Anti-Money Laundering and Countering the Financing of Terrorism ("AML/CFT")
The Isle of Man Government and the Isle of Man Financial Services Authority (“the Authority”) are committed to continually reviewing the Island's legislation and regulations against the recognised international standards. For details of the Isle of Man Government’s commitment to combating Money Laundering and the Financing of Terrorism and Proliferation please see the following link and this webpage.
In addition, the Isle of Man Government has published a national strategy in relation to its stance against money laundering and the financing of terrorism. This document sets out priority goals actions identified following a review of existing defences. The document can be found here.
Customer Due Diligence
The Isle of Man has applied the "Know Your Customer" ("KYC") principle since 1985. KYC is a term used to describe the process of obtaining, retaining and using information about a customer to verify that they are who they say they are.
Increasingly, the term Customer Due Diligence “CDD” tends to be more commonly used. CDD encompasses KYC but it goes further than knowing who your customer is. It involves obtaining, documenting and using a broad range of information relating to a customer relationship or an occasional transaction.

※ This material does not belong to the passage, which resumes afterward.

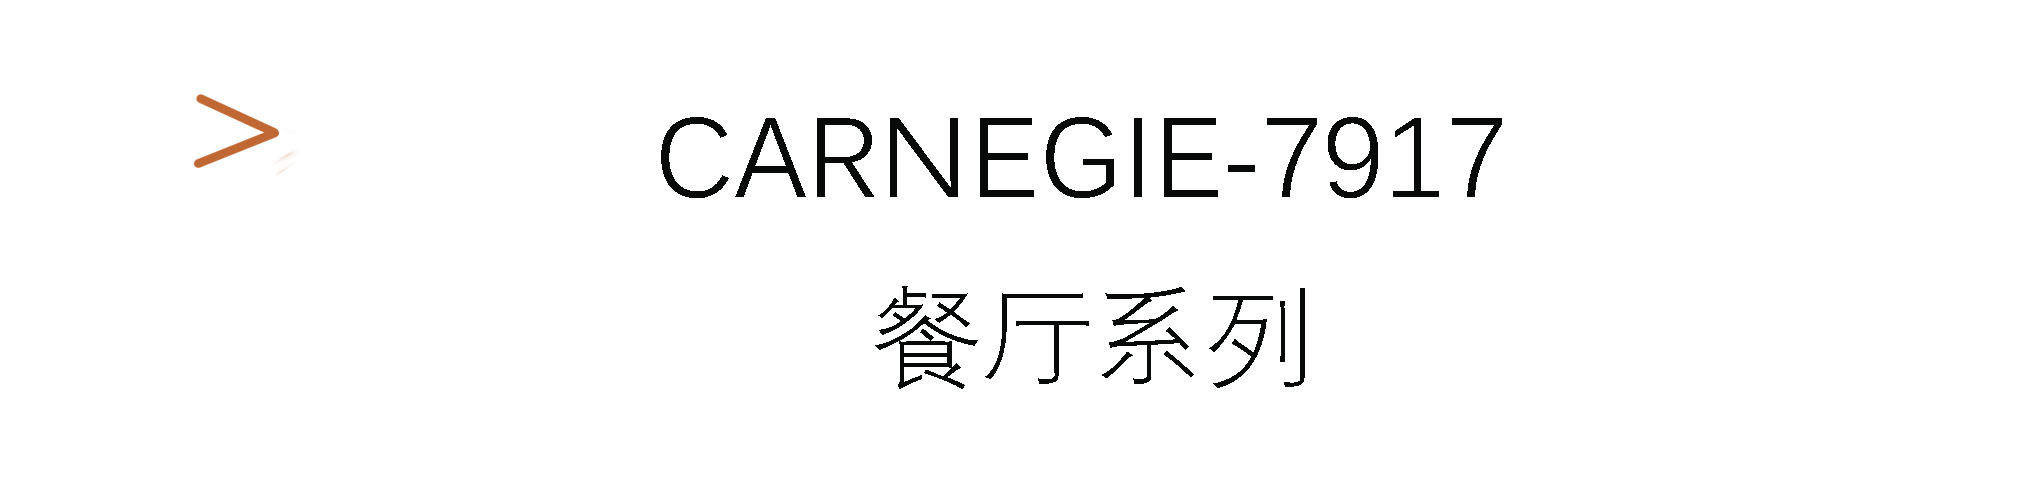 Carnegie-7917

Areas to be considered include identity, address, source of funds (and source of wealth where applicable) and expected business or transactional activity. Certain elements of this information must also be verified. The term CDD also incorporates the ongoing monitoring of a business relationship, including reviewing the due diligence information initially obtained, to ensure it remains up to date and that the relationship is operating as expected for that customer. CDD is required for all new or continuing business relationships or occasional transactions. Further detail can be found in the AML/CFT Handbook.
The Anti-Money Laundering and Countering the Financing of Terrorism Code 2019 (“the Code”) sets out the preventative measures relevant businesses must have in place in order to forestall money laundering and financing of terrorism, which includes:
- conducting CDD utilising a risk based approach (including conducting Enhanced Due Diligence “EDD” in high risk scenarios or wherever deemed relevant),
- having a Money Laundering Reporting Officer (and a Deputy in some sectors),
- maintaining appropriate procedures and controls to deal with Politically Exposed Persons,
- conducting ongoing monitoring of business relationships,
- keeping adequate records and;
- ensuring effective staff training is in place.
The definition of businesses caught by the Code (“Relevant Persons”) goes much wider than only financial services businesses and also includes; issuers of Virtual Currencies, Estate Agents, Bookmakers, Accountants and Lawyers (commonly referred to as designated businesses or DNFBPs).
For full details of which businesses are covered by the Code please see Schedules 4 to the Proceeds of Crime Act 2008.